Related Documentation
- Cloudflare Tool Documentation - DNS configuration
- Hetzner Tool Documentation - Server details
- n8n Documentation - n8n SSL setup
- Architecture - Infrastructure overview
Success Criteria
Before considering SSL setup complete, verify:
✅ Certificate is issued and valid
✅ HTTPS is working in browser
✅ HTTP redirects to HTTPS
✅ Certificate paths are correct in web server config
✅ SSL Labs score is A or A+
✅ Automatic renewal is configured
✅ Renewal test (dry run) passes
✅ Monitoring is set up
✅ Documentation is updated
✅ No SSL warnings in browser
Common Issues
Issue: Certificate request fails (DNS validation)
Symptoms: "DNS problem: NXDOMAIN looking up A for [DOMAIN]"
Solutions:
- Verify DNS is configured correctly:
dig [DOMAIN]
# Should show A record pointing to server IP - Wait for DNS propagation (5-10 minutes)
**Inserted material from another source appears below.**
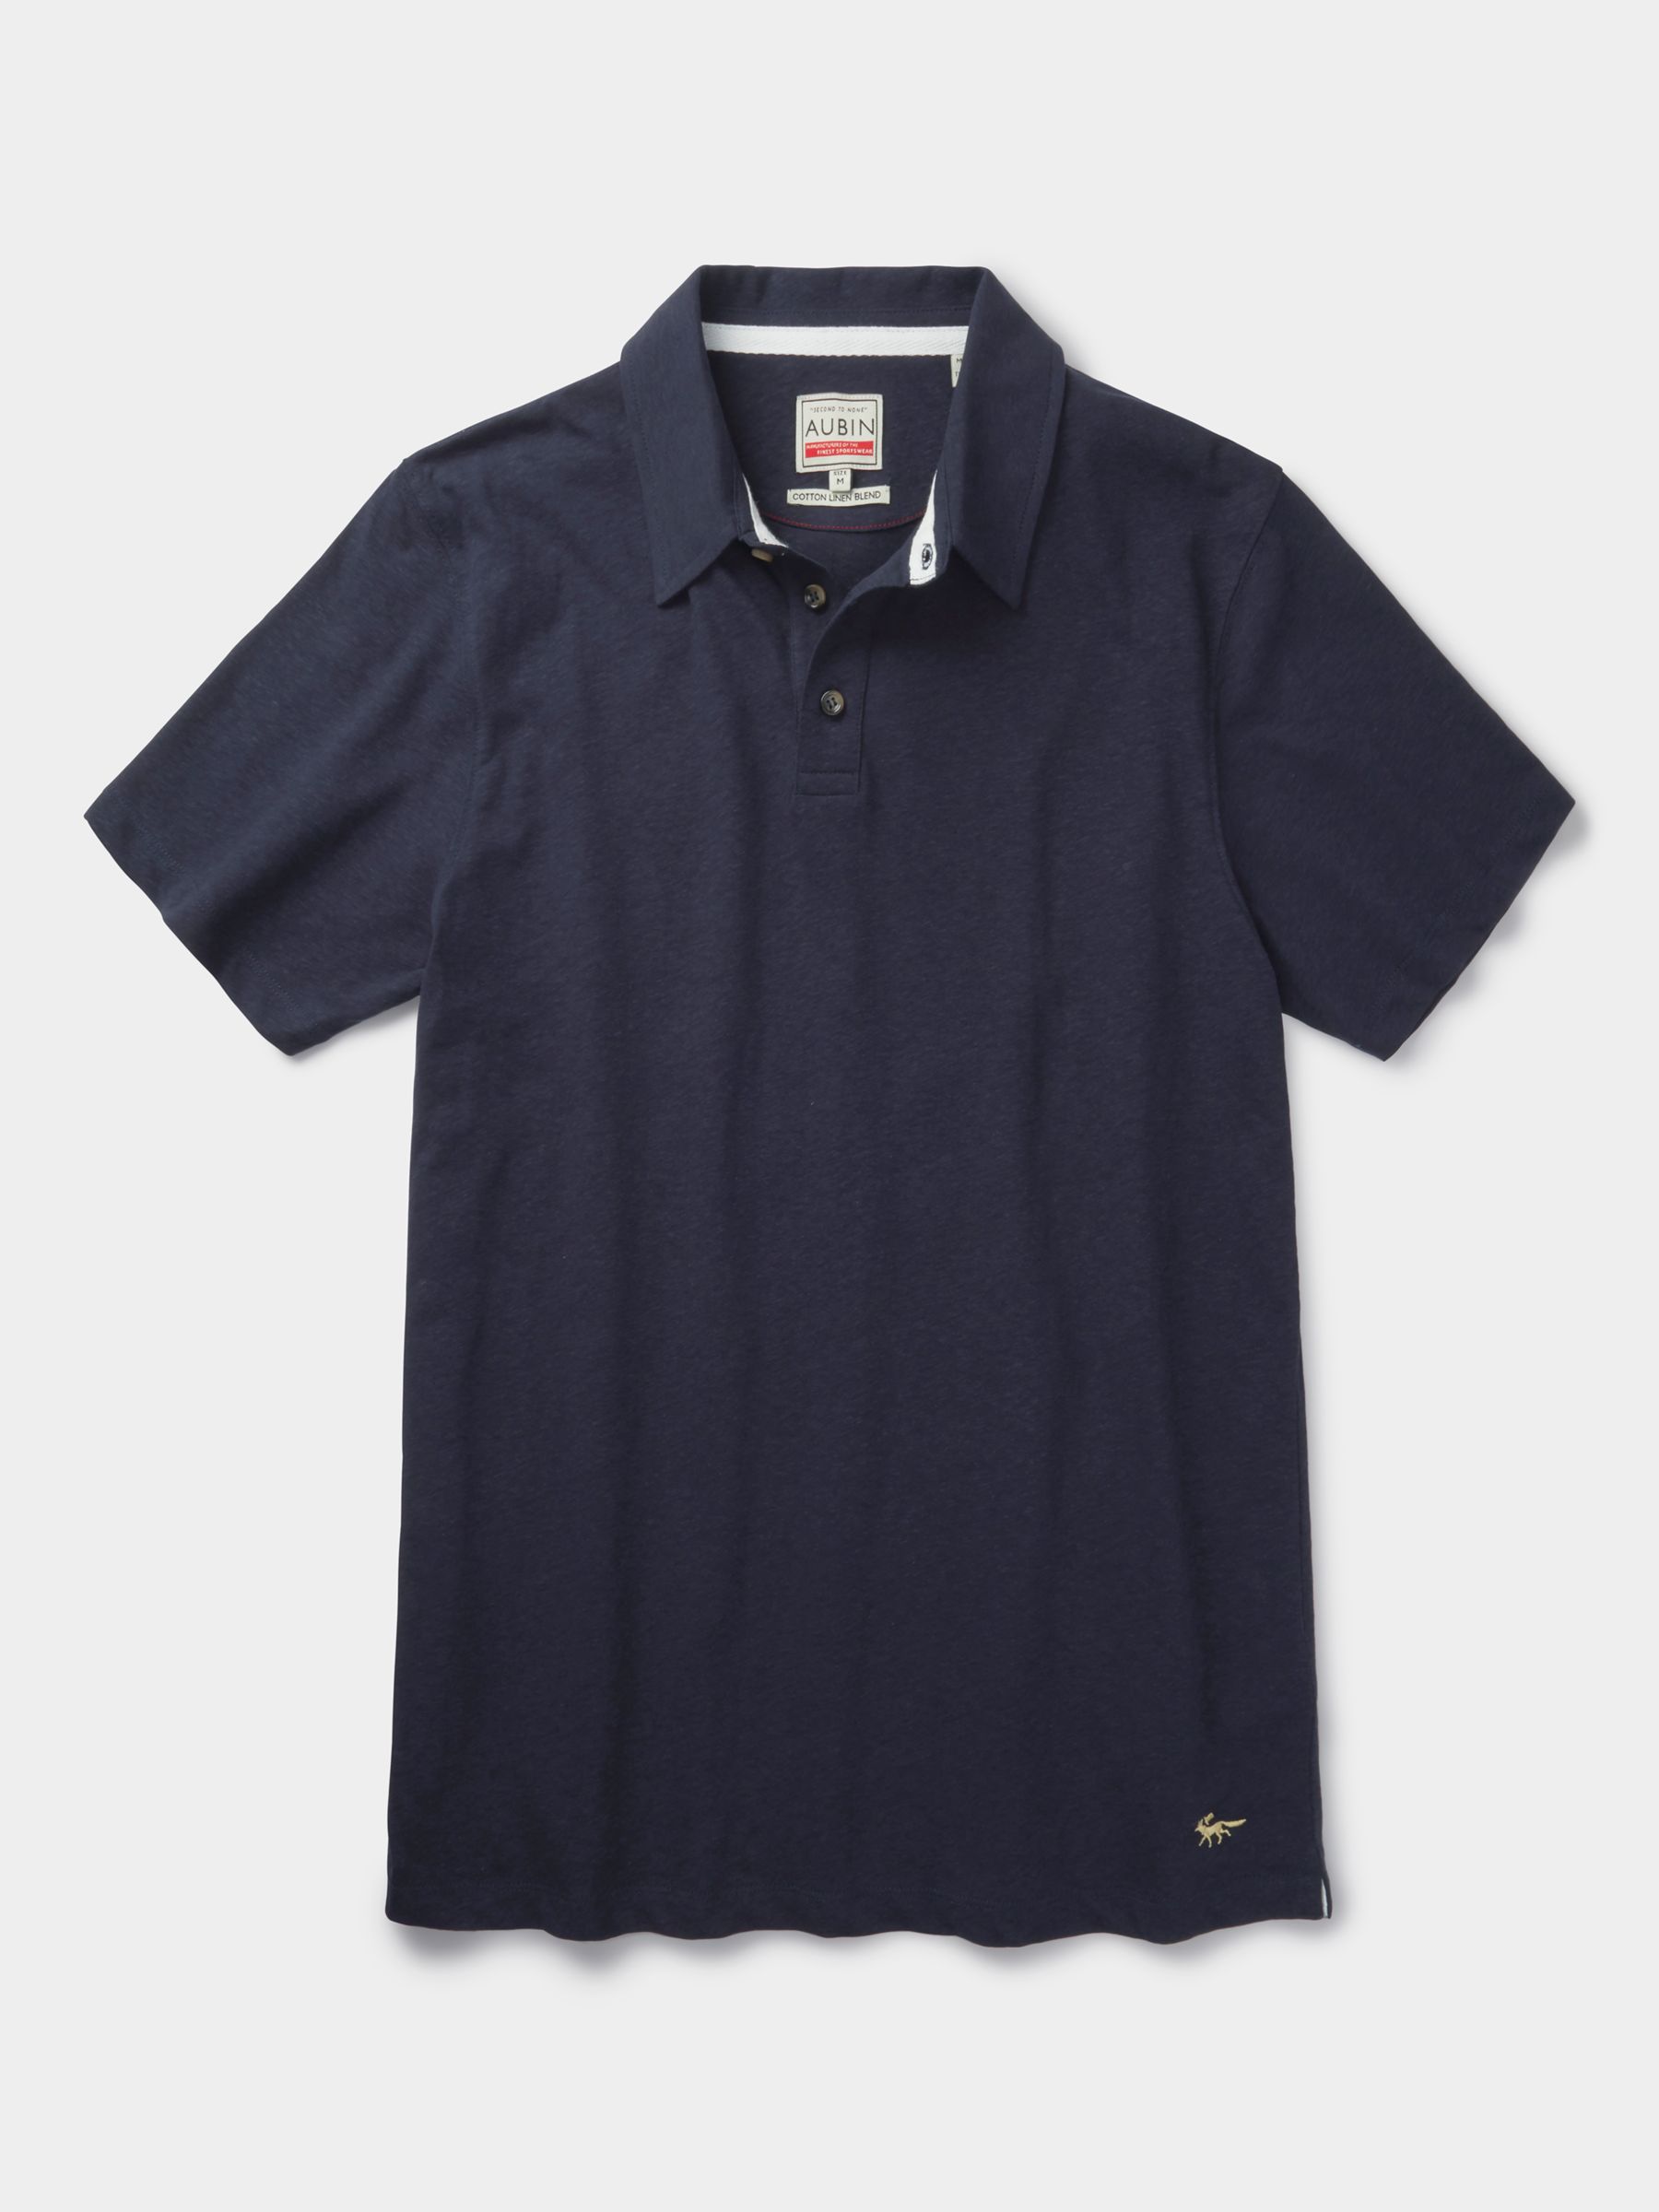 Aubin Arnold Linen Blend Polo Shirt, Navy, S
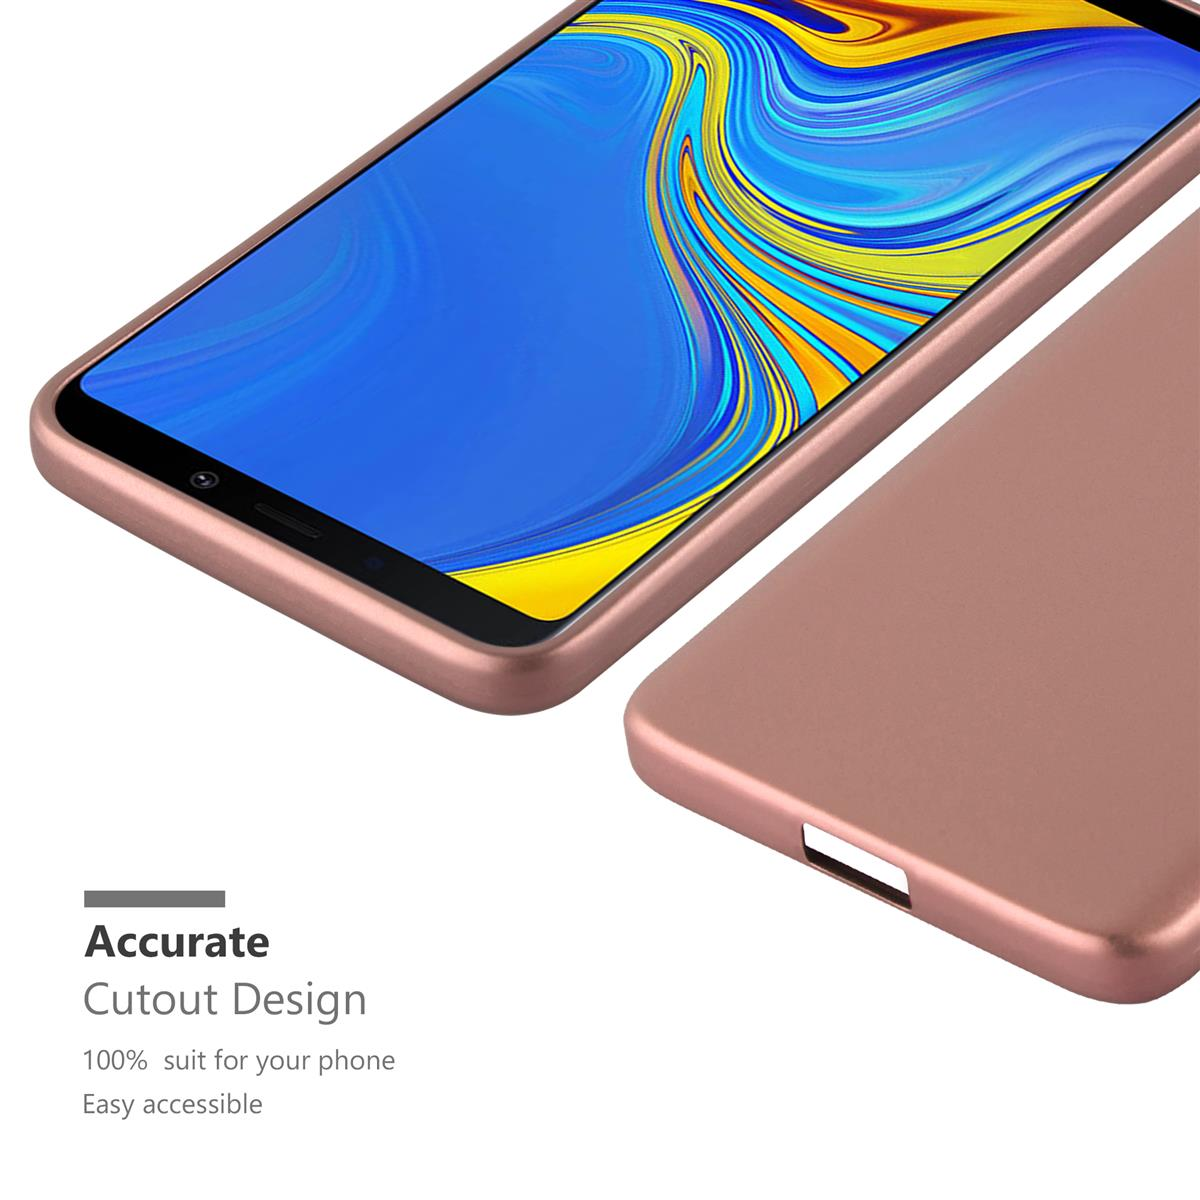 CADORABO TPU 2018, Galaxy METALLIC Samsung, A9 Backcover, Hülle, Metallic ROSÉ GOLD Matt

- Test from Cloudflare DNS:
dig @1.1.1.1 [DOMAIN] - Ensure DNS record is not orange-clouded if using Cloudflare
- Try again after waiting
Issue: Port 80 already in use
Symptoms: "Problem binding to port 80: Could not bind to IPv4 or IPv6"
Solutions:
- Check what's using port 80:
lsof -i :80
netstat -tlnp | grep :80 - If Nginx is running, use webroot method instead:
certbot certonly --webroot -w /var/www/html -d [DOMAIN] - Or temporarily stop web server:
systemctl stop nginx
certbot certonly --standalone -d [DOMAIN]
systemctl start nginx
Issue: Certificate not trusted in browser
Symptoms: Browser shows "Not Secure" or certificate warning
Solutions:
- Check certificate chain:
certbot certificates
# Should show "Certificate Path: /etc/letsencrypt/live/[DOMAIN]/fullchain.pem" - Ensure using
fullchain.pemnotcert.pem:ssl_certificate /etc/letsencrypt/live/[DOMAIN]/fullchain.pem; - Reload web server:
systemctl reload nginx - Clear browser cache and test in incognito
Issue: Automatic renewal failing
Symptoms: Renewal emails saying renewal failed
Solutions:
- Test renewal manually:
certbot renew --dry-run - Check logs:
journalctl -u certbot.timer
cat /var/log/letsencrypt/letsencrypt.log - Common causes:
- Port 80 blocked by firewall
- Web server configuration changed
- DNS changed
- Rate limiting (5 renewals per week max)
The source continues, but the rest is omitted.